__Exercise details__. When copying the data below, keep only the lines from the one with "fe286ee30e Hugo BOSS" through the one with "Highways - Your road to adventure & savings", word for word, and skip the pictures.

__Input for this task__.
- - - - -

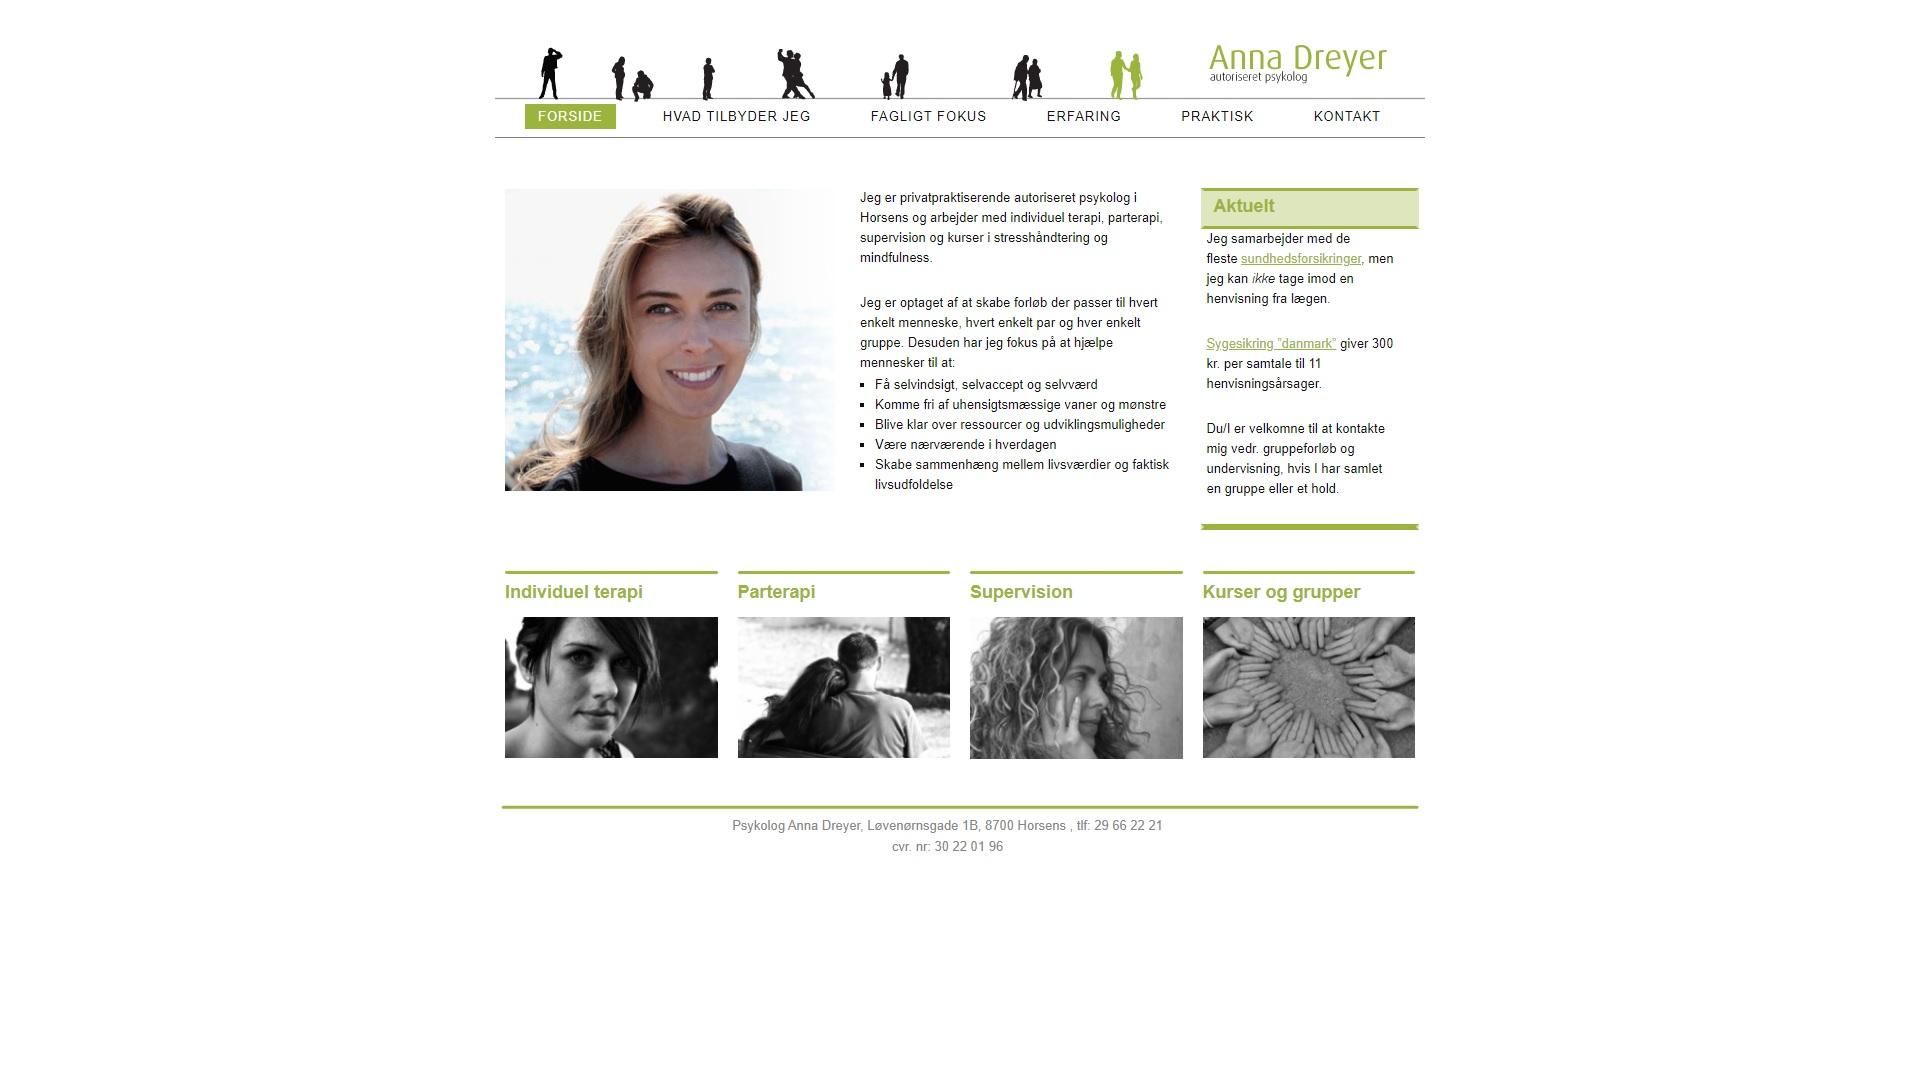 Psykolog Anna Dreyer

- - - - -

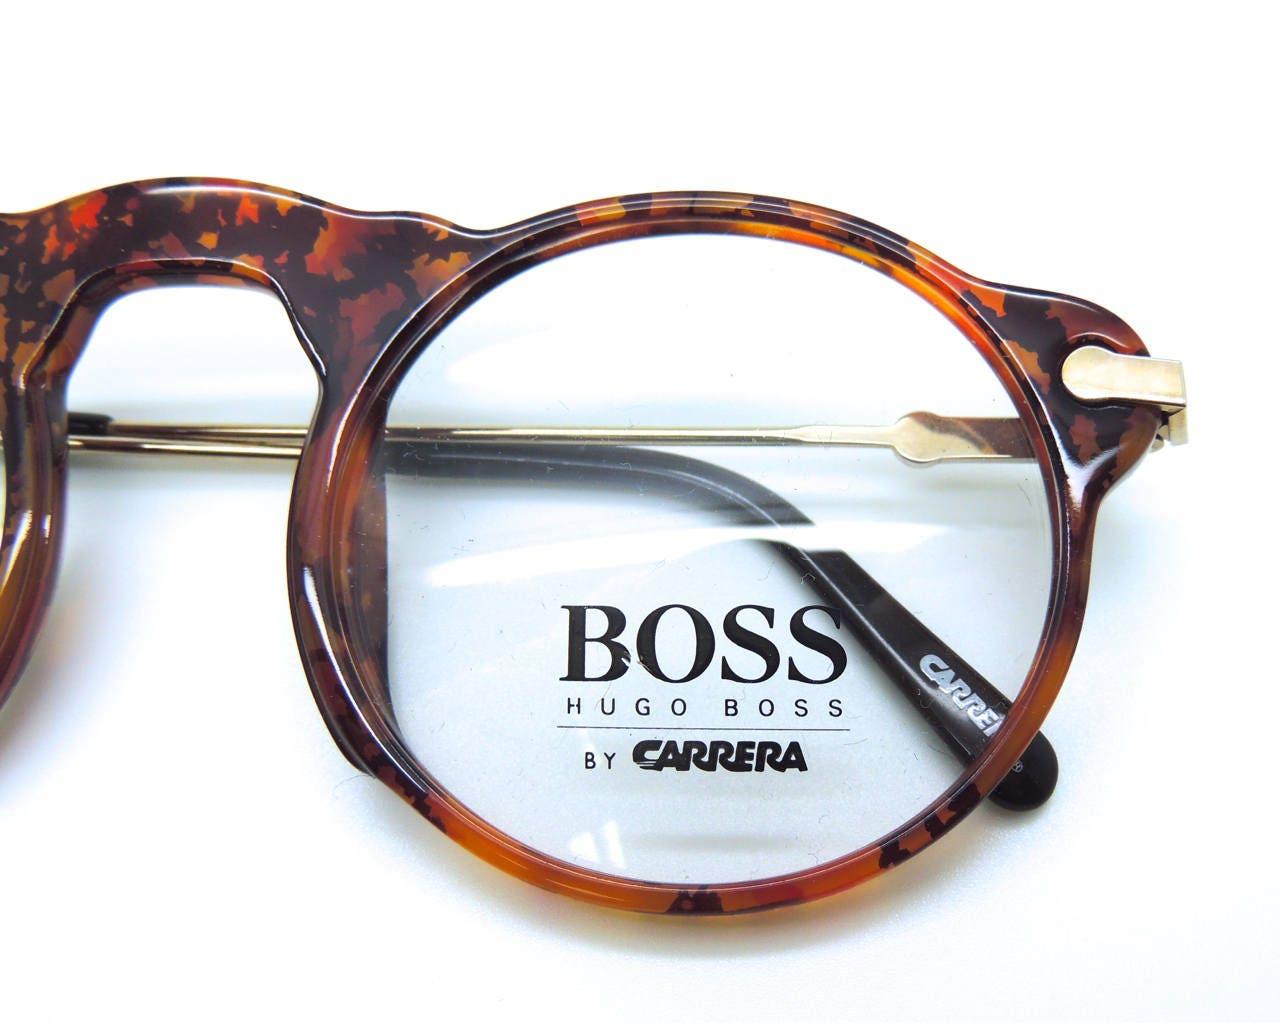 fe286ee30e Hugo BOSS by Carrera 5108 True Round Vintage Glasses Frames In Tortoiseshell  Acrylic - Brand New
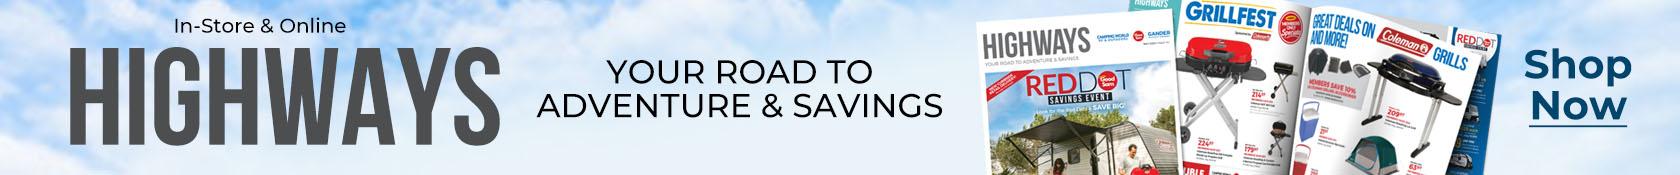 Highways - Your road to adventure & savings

- - - - -

__Response__.
 fe286ee30e Hugo BOSS by Carrera 5108 True Round Vintage Glasses Frames In Tortoiseshell  Acrylic - Brand New
 Highways - Your road to adventure & savings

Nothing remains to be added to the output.